Nowadays it’s about an hour and a half by car, and the gateway to the region is Rye, with its pier with scuba diving platform; a long, wide foreshore with car parking, children’s adventure playground, free gas barbecues and picnic areas; a good shopping centre with lots of takeaway and eat-in food options; a hotel; and plenty of accommodation from fancy to budget.
Blairgowrie, the next town along, also has a good shopping centre, a pier and marina, and ocean beaches across the narrow peninsula, where you will also find St Andrews Beach and Fingal, famous for golf courses, surf beaches and hot springs.
Sorrento and Portsea have fabulous beaches – on the rugged Bass Strait side, 35km from Portsea to Cape Schanck, and on mostly tranquil Port Phillip.
Sorrento’s pier is also the terminal for the ferry to Queenscliff, and a wide main street has shops, art galleries, cafes, restaurants and three good hotels.

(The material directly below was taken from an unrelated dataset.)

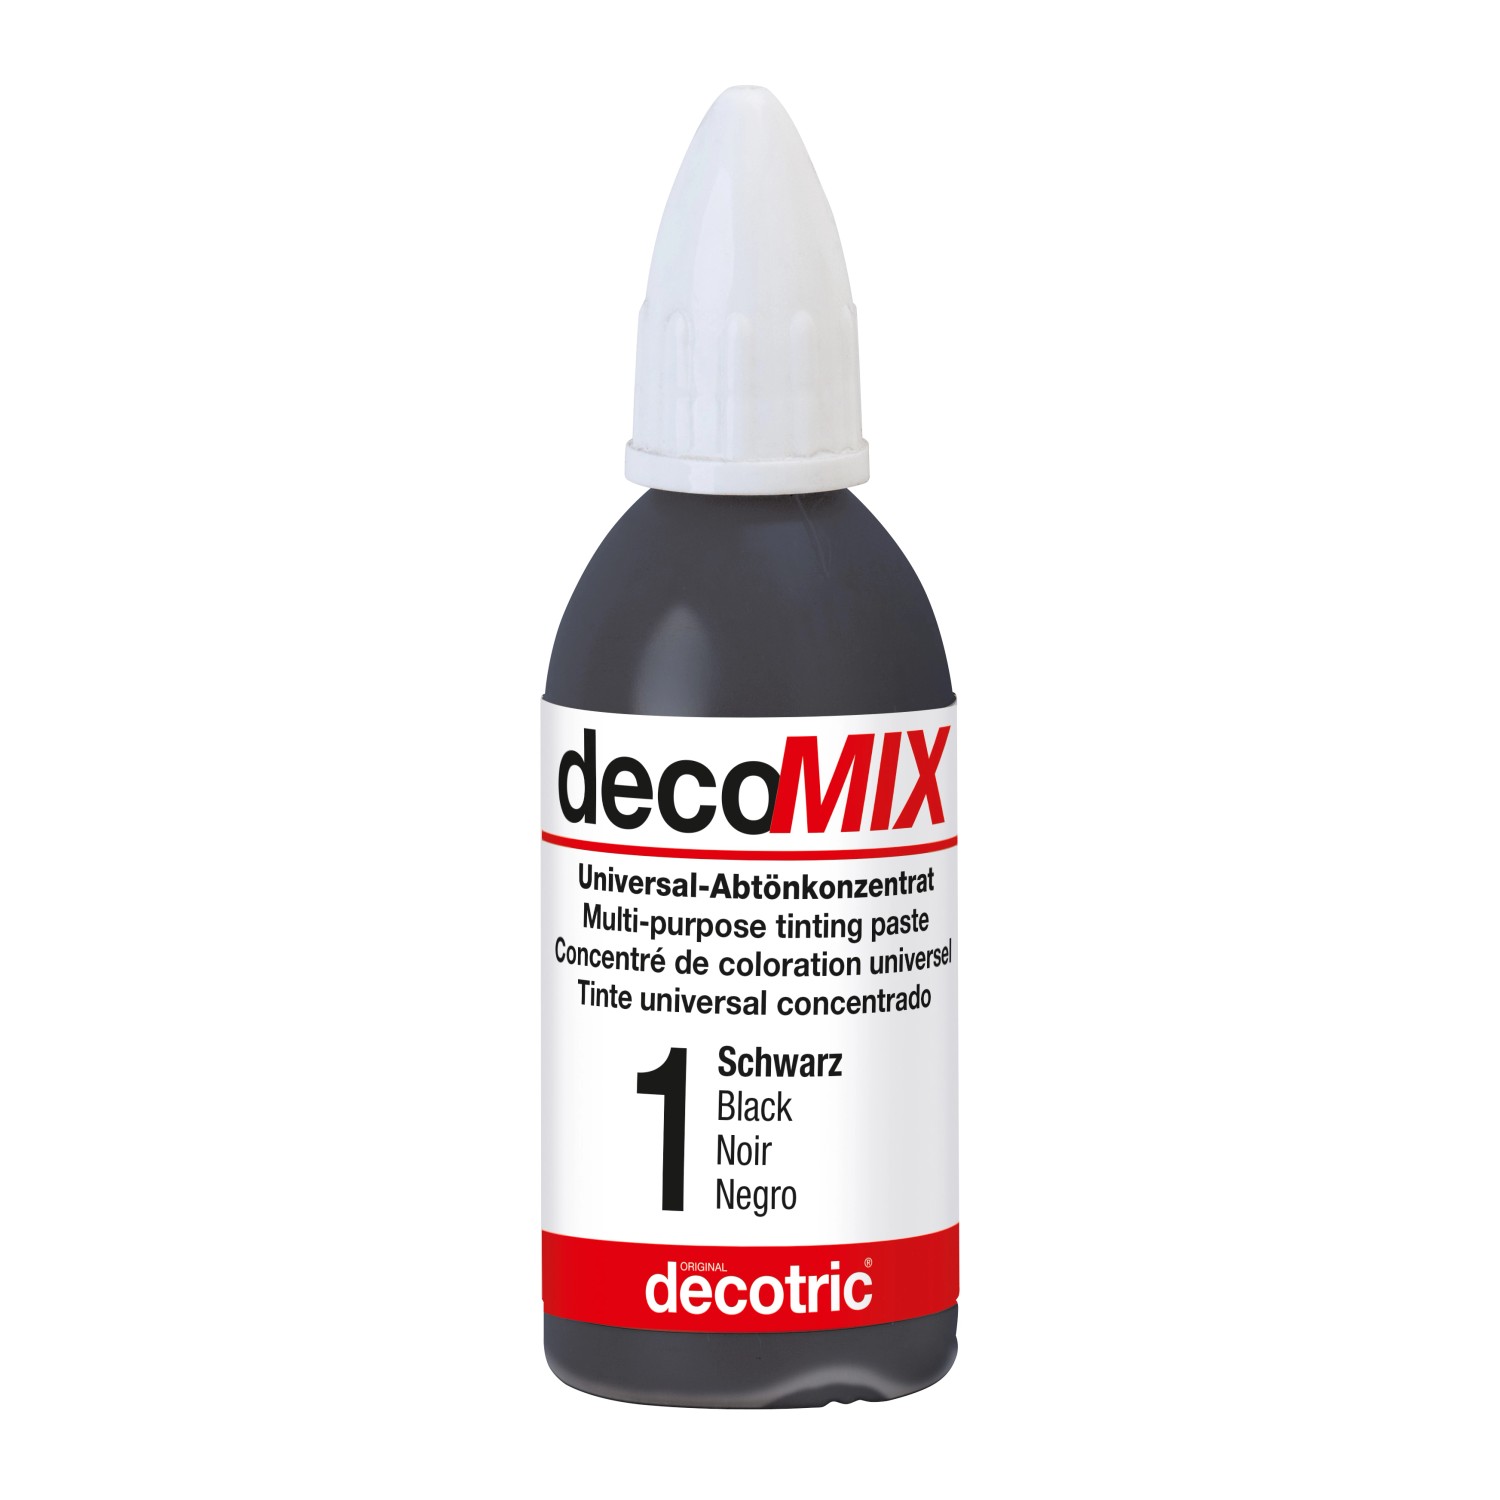 Decomix Universal-Abtönkonzentrat Schwarz 20 ml

Millionaires Walk is a 1.5km public clifftop path from Point King Rd in front of splendid mansions and private jetties. You don’t have to be rich and famous to enjoy the splendour of this coast.
Portsea has world-renowned Point Nepean National Park with walking and cycling tracks, lookouts, beaches, old quarantine station, historic cemetery, defence forts from two world wars, and a monument to prime minister Harold Holt, who disappeared at Cheviot Beach in 1967.